The Wolf You Feed
I jumped way outside of my comfort zone today and attended a Powerflow Workshop at Shanti Hot Yoga. I am terrified of the word “Power”, it seems very intimidating and hard, probably way above my level of yoga skills. I avoid those classes for fear of looking like a wimp. Trying to head into it with an open mind was a little challenging, I was definitely having doubts about why I even signed up.
While I waited for class to start, the lady I was sitting beside said she was very unsure of her ability to make it through the workshop. Then another lady said the same thing. Then came a guy who made a joke about going to the back of the room just in case he needed to cry it out. You mean I’m not the only one who feels like this?!!? I was downright petrified about this workshop…I hoped for everyone’s sake that “Power” didn’t mean insanely-crazy-hard.
So the workshop starts and Stephanie brings us all together in a circle to have a quick intro and then begins to read the most inspiring story…
One evening an old Cherokee Indian told his grandson
about a battle that goes on inside people.
He said, ‘My son, the battle is between two ‘wolves’ inside us all.
One is Evil. It is anger, envy, jealousy, sorrow, regret, greed, arrogance, self-pity, guilt, resentment, inferiority, lies,
false pride, superiority, and ego.
The other is good. It is joy, peace, love, hope, serenity, humility, kindness, benevolence, empathy, generosity, truth, compassion and faith.’
The grandson thought about it for a minute and then asked his grandfather: ‘Which wolf wins?’
The old Cherokee simply replied, ‘The one you feed.’

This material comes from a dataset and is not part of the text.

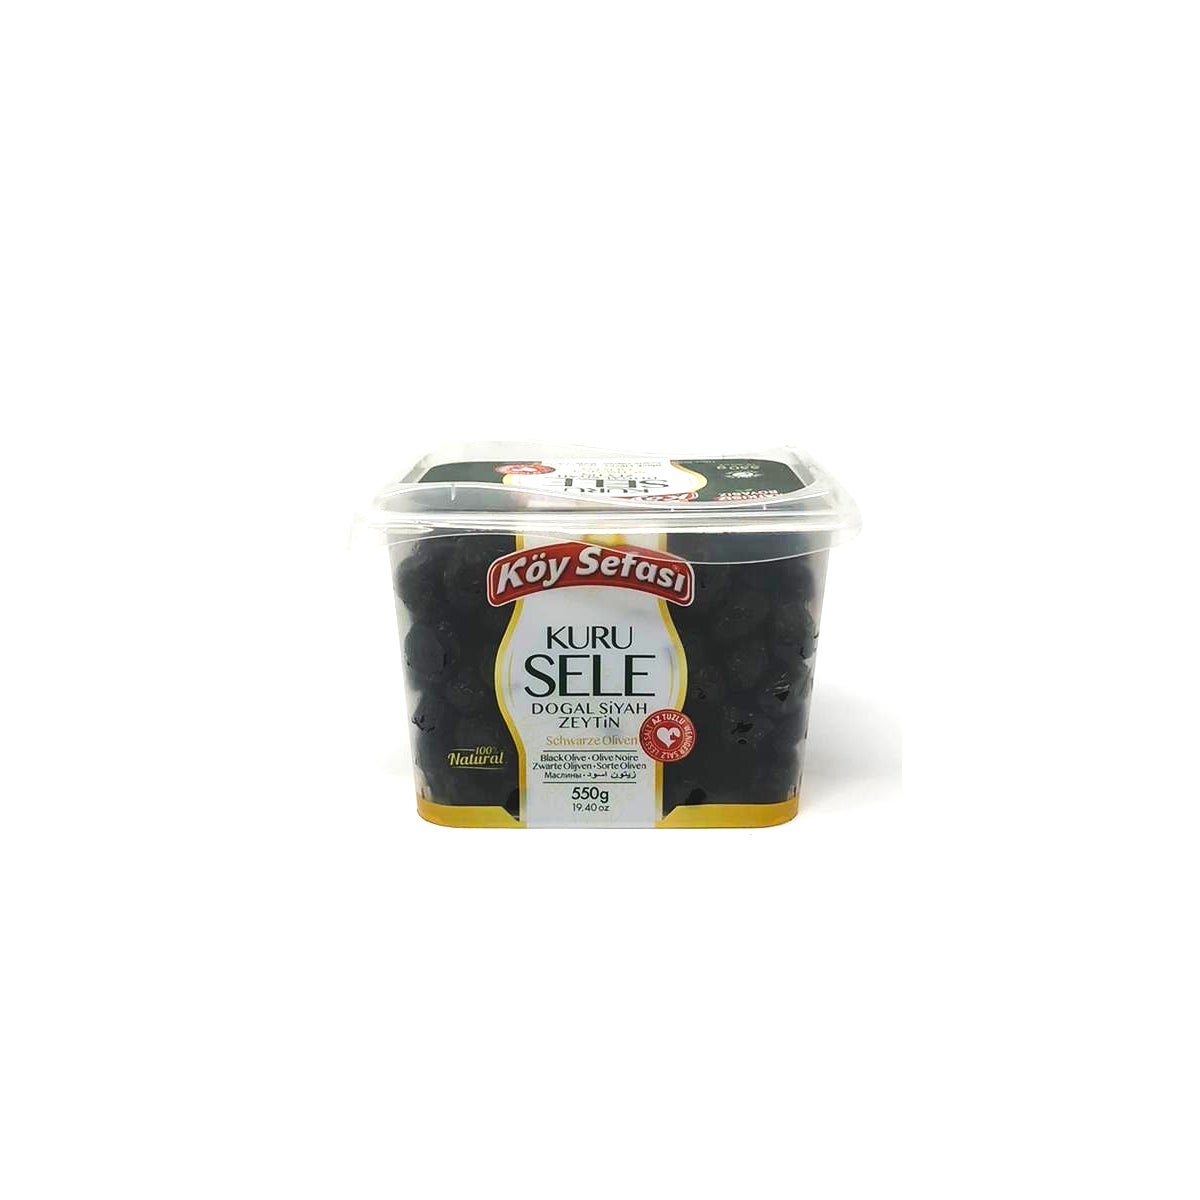 KOY SEFASI BLACK OLIVES IN BOWL DRIED -KURU SELE 550 GR*12

Well, that was probably the first time I thought to myself “You can do this” in regards to anything revolving around a flow class. I generally find it overwhelming and exhausting. Like I just do not have the cardio capacity to deal with a flow class. And forget about following through with a flow, I collapse half way down with my spaghetti arms shaking the entire time. I get intimidated by the “pros” and often try to keep up…which we all know is a complete waste of time because you just tire yourself out and your breathing gets all out of whack. So in the spirit of feeding my inner wolf, I decided to have some faith in myself and, at the very least, take my time, pay attention to my form, try my hardest instead of just saying “I can’t” the entire class…and breathe!

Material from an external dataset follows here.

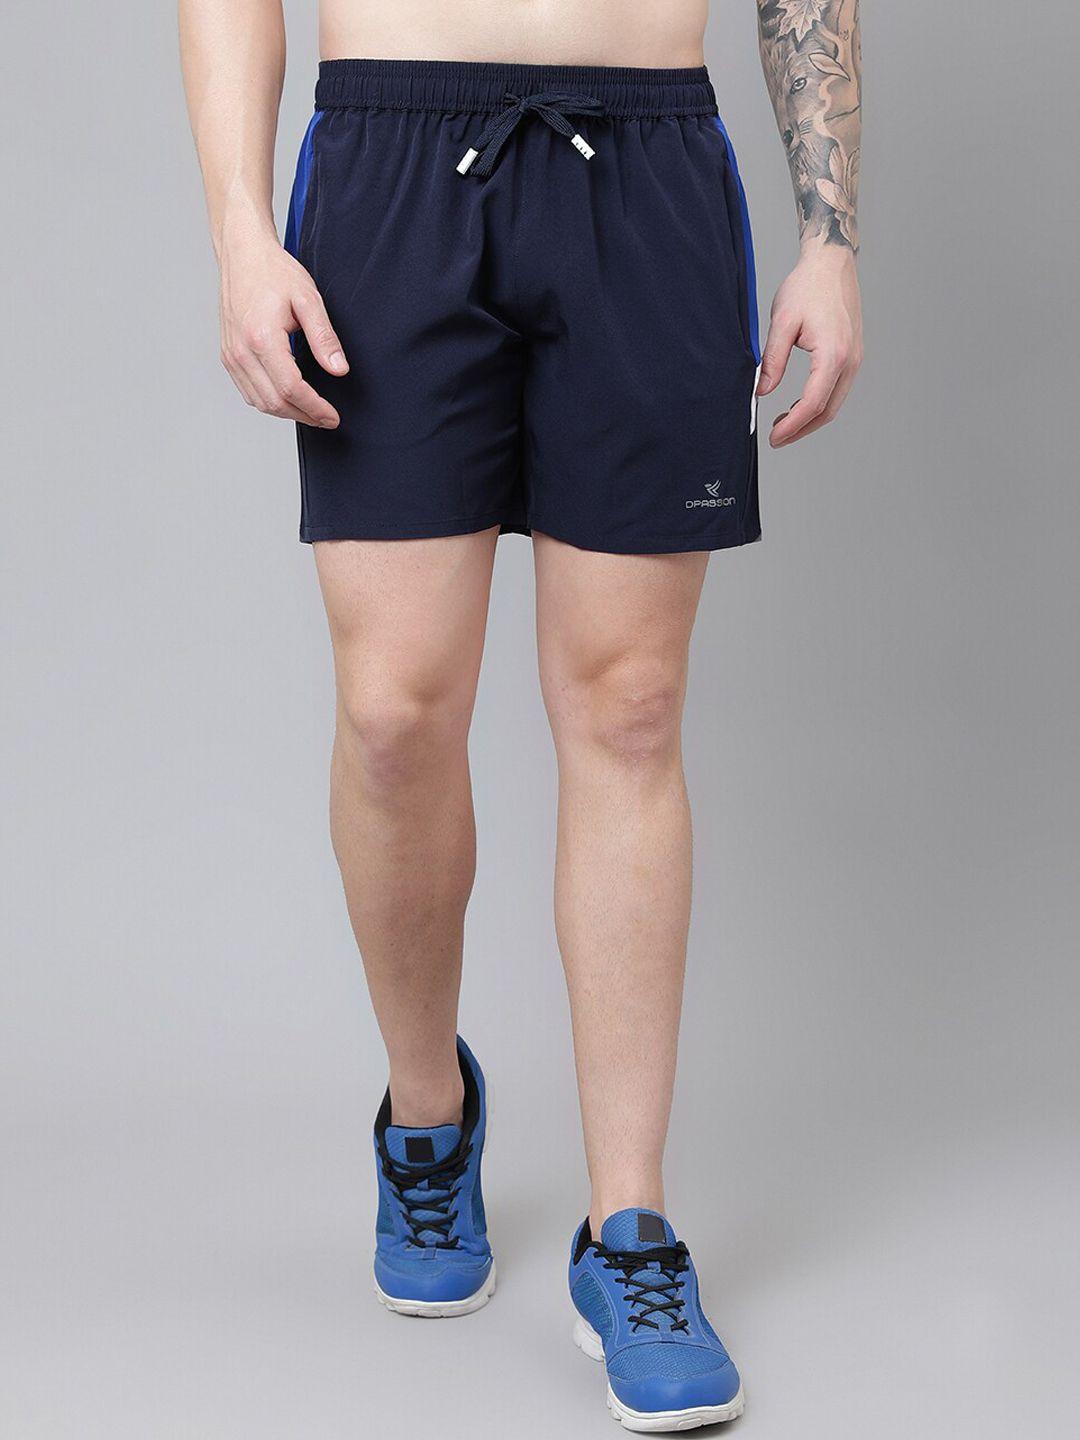 dpassion men solid running sports shorts

Ok…I can do this! YES I CAN!
Stephanie gives us an overview of what a flow is supposed to look like. Five seconds in and I’m going huh!? That’s not really how I do it. What?! Maybe that’s my problem…I’ve been doing it wrong this entire time!! She showed us the proper way to position your chest, shoulders, ribs, and stomach to reduce the stress of your muscles. She showed us how to move through a flow so that our arms were in the right place. Proper alignment was something I was obviously lacking because within the first few flows I was actually doing it…with relative ease. I do modified flows from my knees, as I just haven’t build up enough strength *yet* but just the difference from say last week to today was huge! Fifteen minutes in and I’m already so glad I came. My inner wolf is very happy…
Next was some partner work. We are going to be in plank position while the partner holds our legs, then the partner is going to let go of one leg while you use your core strength to hold it up. Yeah, OK crazy yoga teacher. Ha ha ha. Funny. There’s no way…I can’t hold myself in plank for 30 seconds without wanting to cry and now I have to do it with someone else holding my legs and then letting one go?? I feel my inner, self-doubting, wolf rearing it’s ugly head. I hear my partner say “ready?”…NO! I feel my leg drop a wee bit, but then I realize I’m actually holding it up by myself. Well, hello stomach muscles! You may be buried under a few extra layers but I can feel you now! Oddly enough it all started to make sense…the more control you have of your core the easier you can complete a flow. Ding-ding-ding! Light bulb moment. I’m always so focused on my arms that I often forget about my stomach. Happy wolf is back!
We even attempted “crow”, which is definitely at the top of my list of poses I love to try. I’ve never been able to lift my feet, but I’m down to just balancing on my big toes though. Stephanie had us perch on a block to raise us up a little higher. World of difference. So much easier to get in to the pose, and before I knew it…up came my toes…for a nano-second but still…progress!!! We partnered up again and this time the partner stood by your head, and lifted your hips a bit to give you the security to get into the pose better. It was euphoric! Happy AND proud wolf is taking over!
We ended the workshop with a quick yoga practice, running through all the moves we had worked on. I will not proclaim to be a yoga superstar *yet* but I know for sure I improved my odds today! I did a two-hour Powerflow workshop and survived!!
I’m going to feed my good wolf before every class from now on. It’s amazing how easily you can fall into the evil trap of self-doubt or critical thinking. My evil wolf was definitely out in full force this morning but I’m going to box him up and bury him down somewhere around my big toe. It’s hours later and I still have that yoga-high from a workshop that I was nervous to attend…I’m official proof that “Power” doesn’t have to be scary…but it can be it can be powerful.